Recorded information>
········

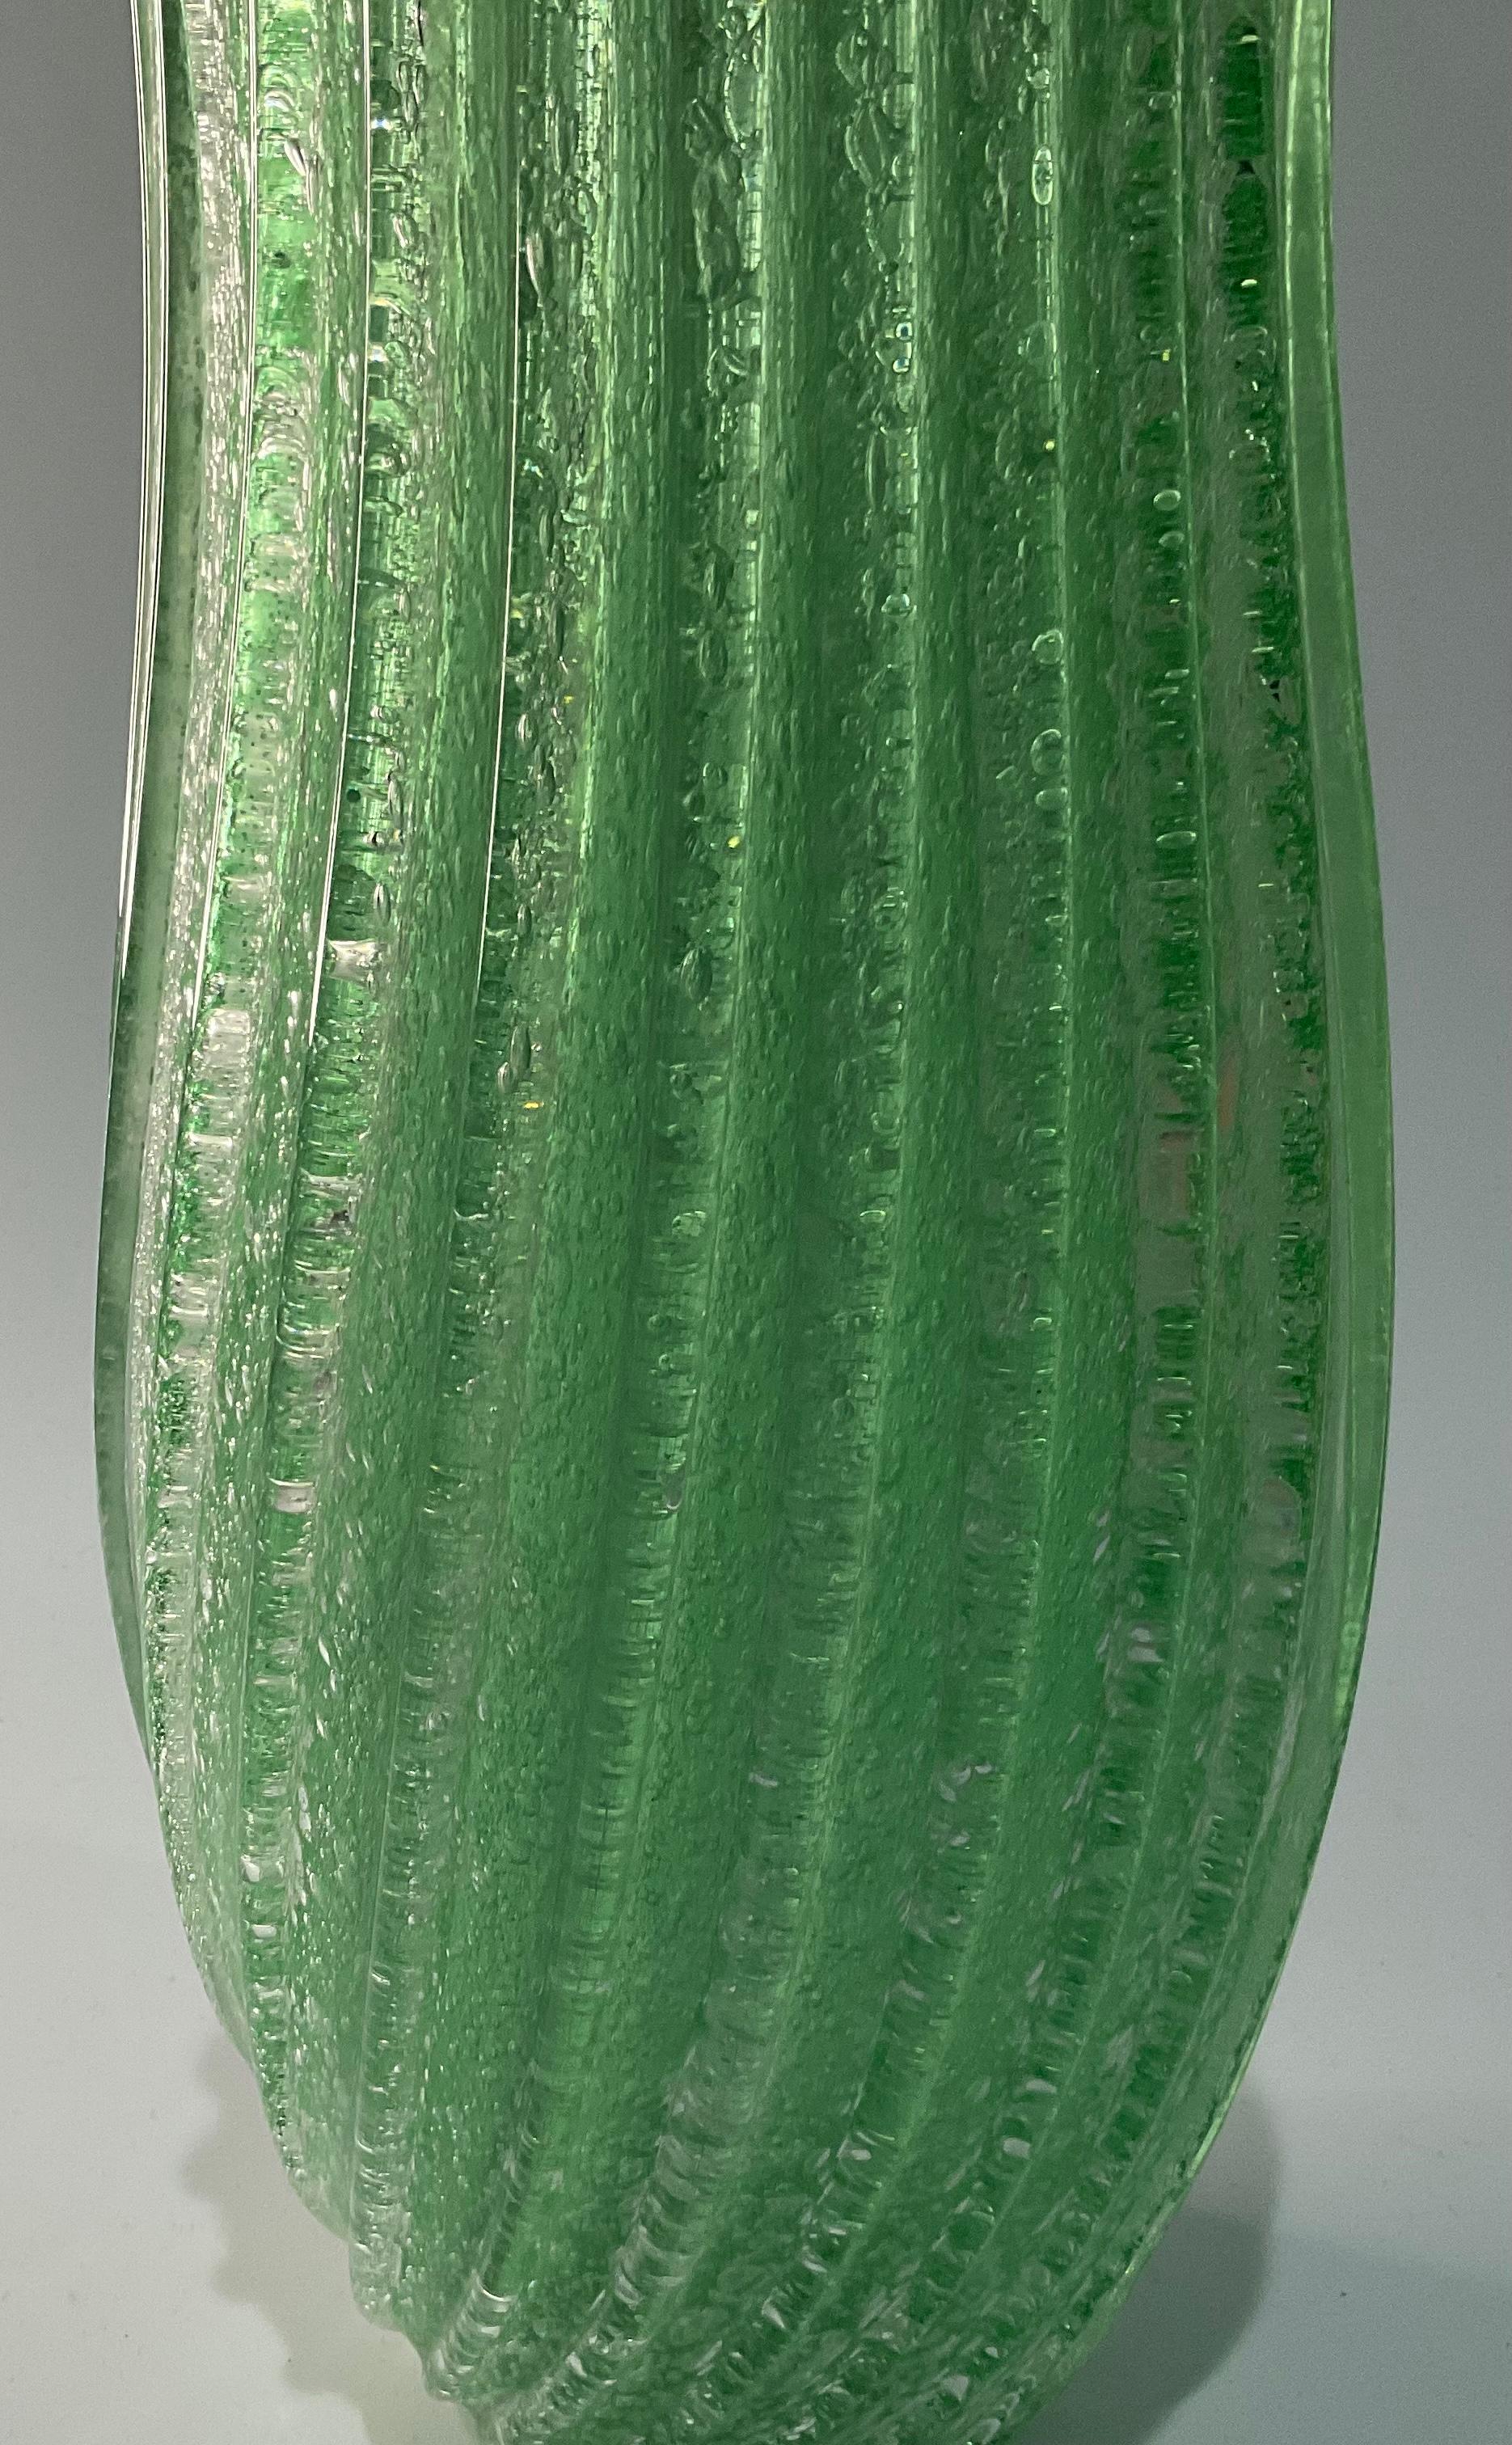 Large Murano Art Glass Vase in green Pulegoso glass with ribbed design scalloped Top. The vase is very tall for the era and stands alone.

········

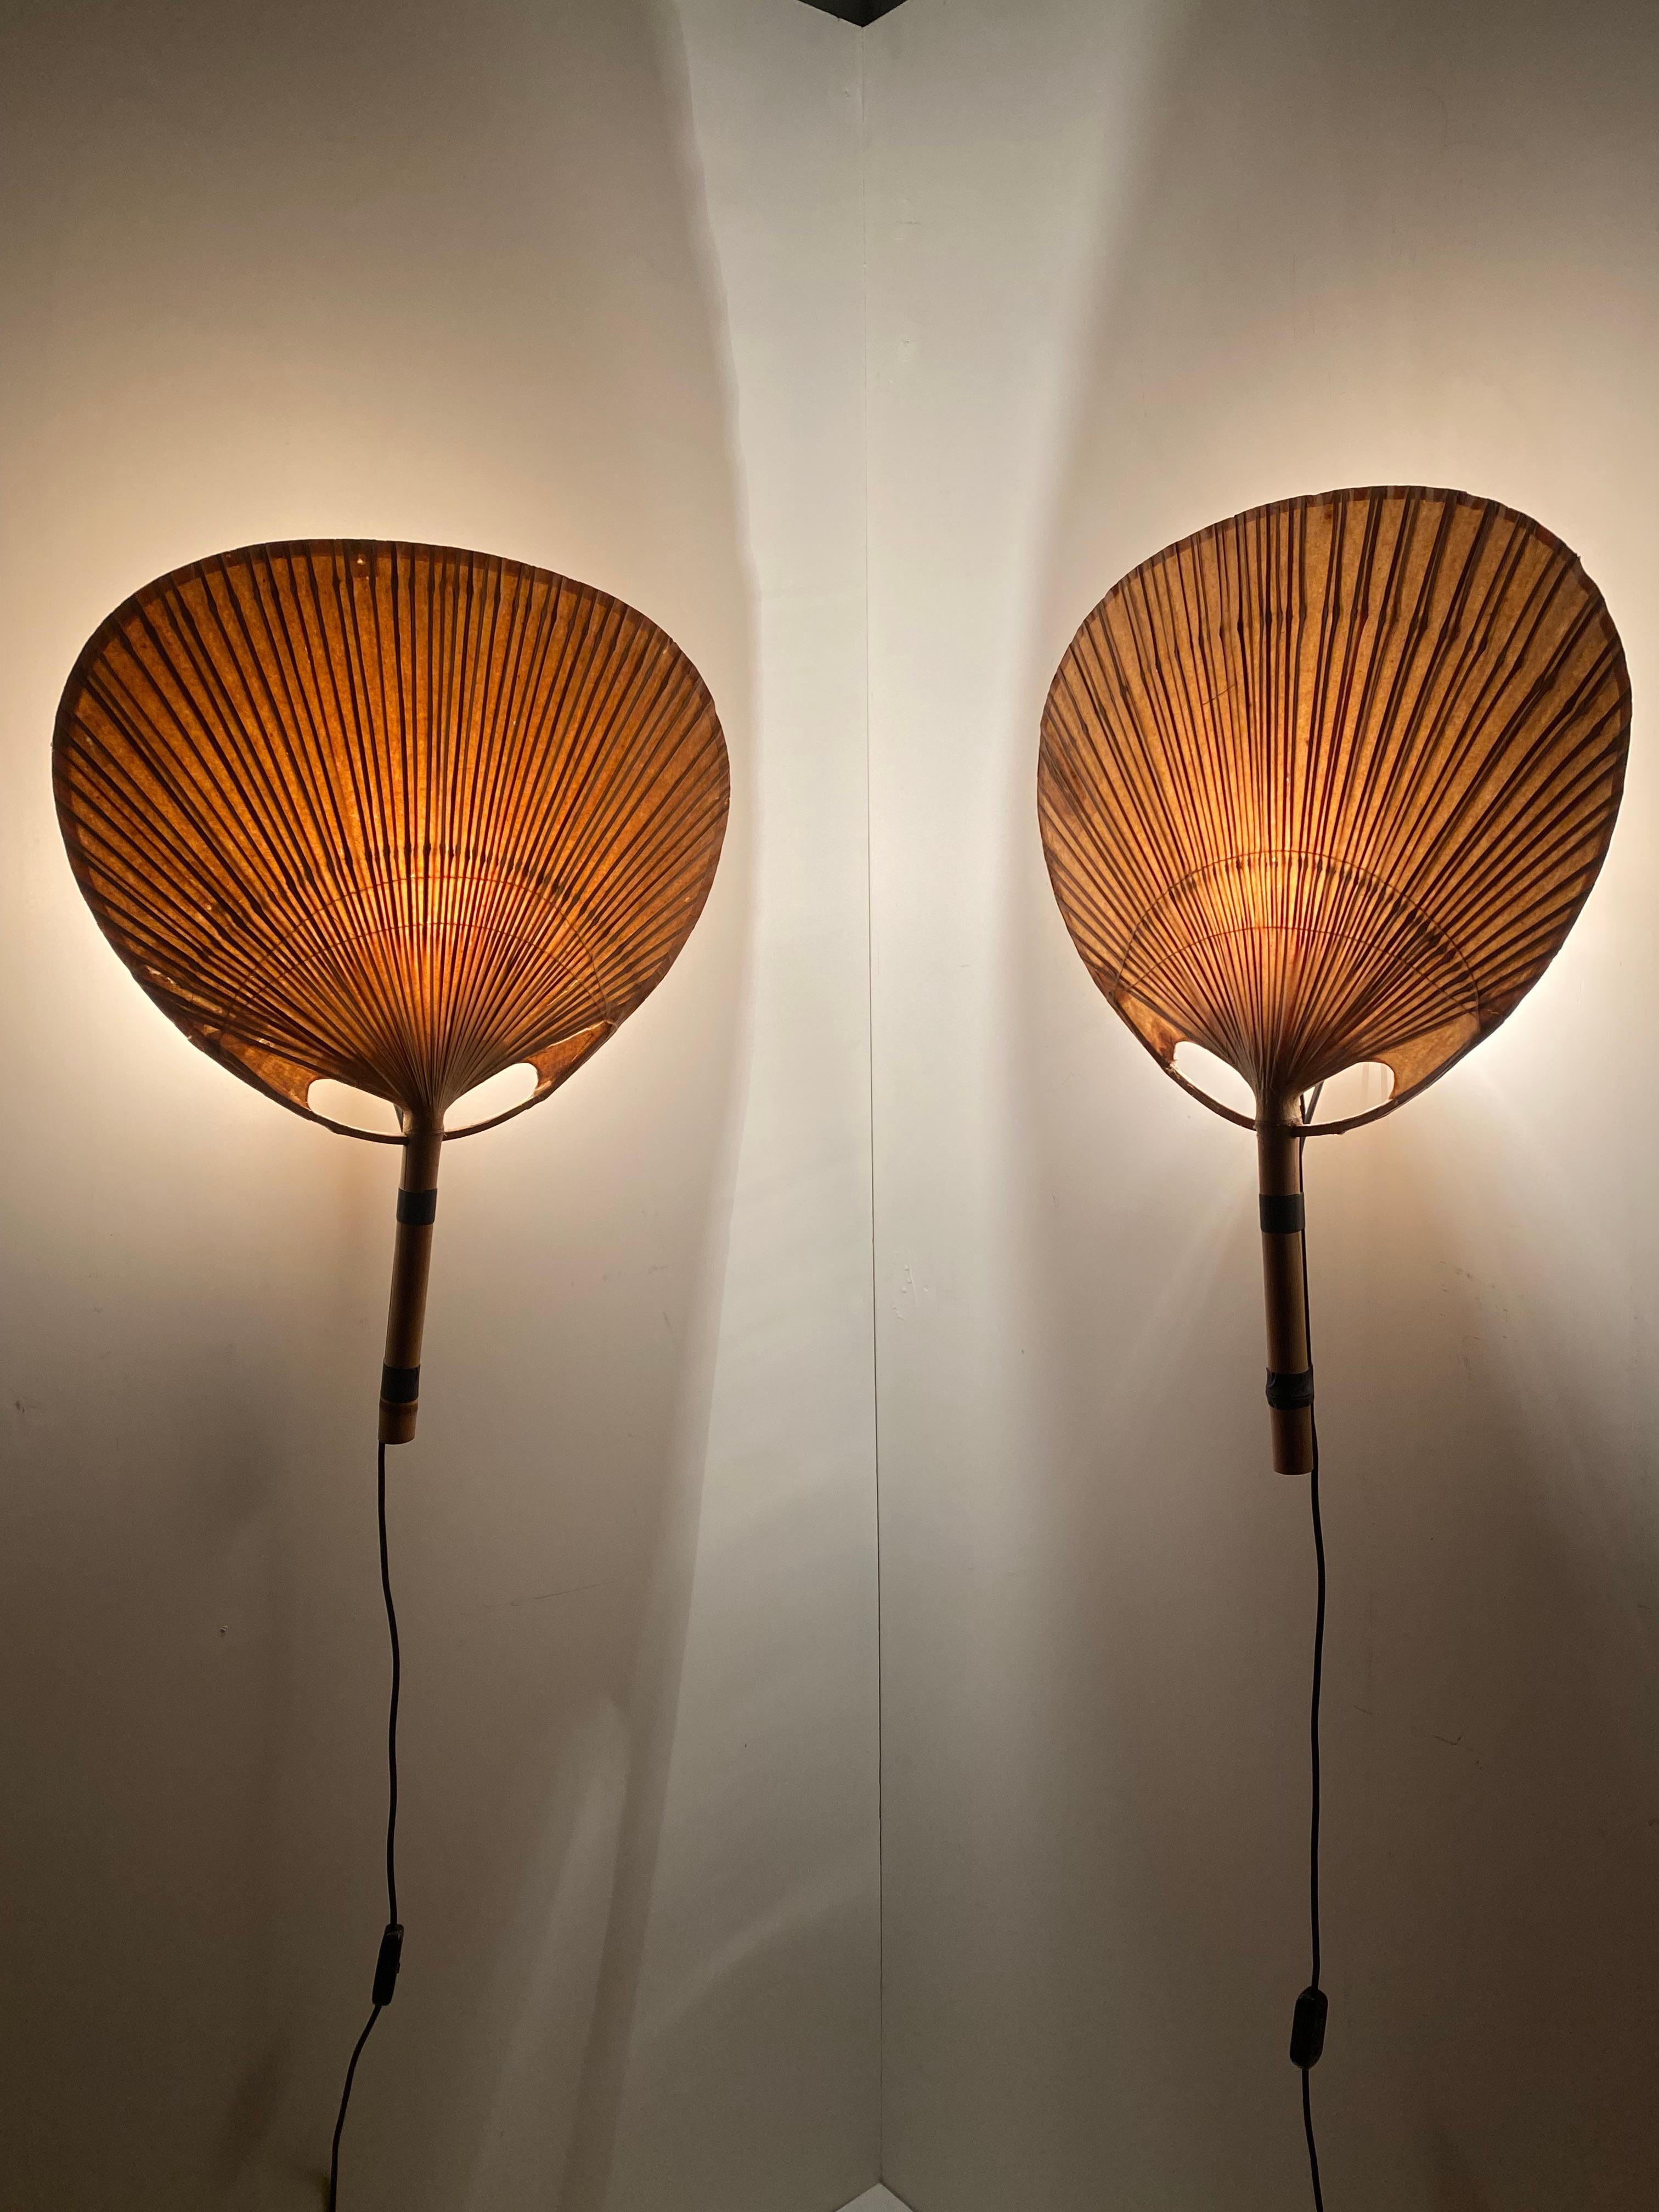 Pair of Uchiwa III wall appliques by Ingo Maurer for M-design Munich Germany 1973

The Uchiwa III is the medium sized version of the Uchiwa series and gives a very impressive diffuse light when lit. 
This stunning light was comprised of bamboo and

········

Description of the task> Restate word for word the lines of the data above, starting at the line containing "The Uchiwa III" and ending at the line containing "This stunning light", both included, and nothing more.

Exercise answer>
The Uchiwa III is the medium sized version of the Uchiwa series and gives a very impressive diffuse light when lit. 
This stunning light was comprised of bamboo and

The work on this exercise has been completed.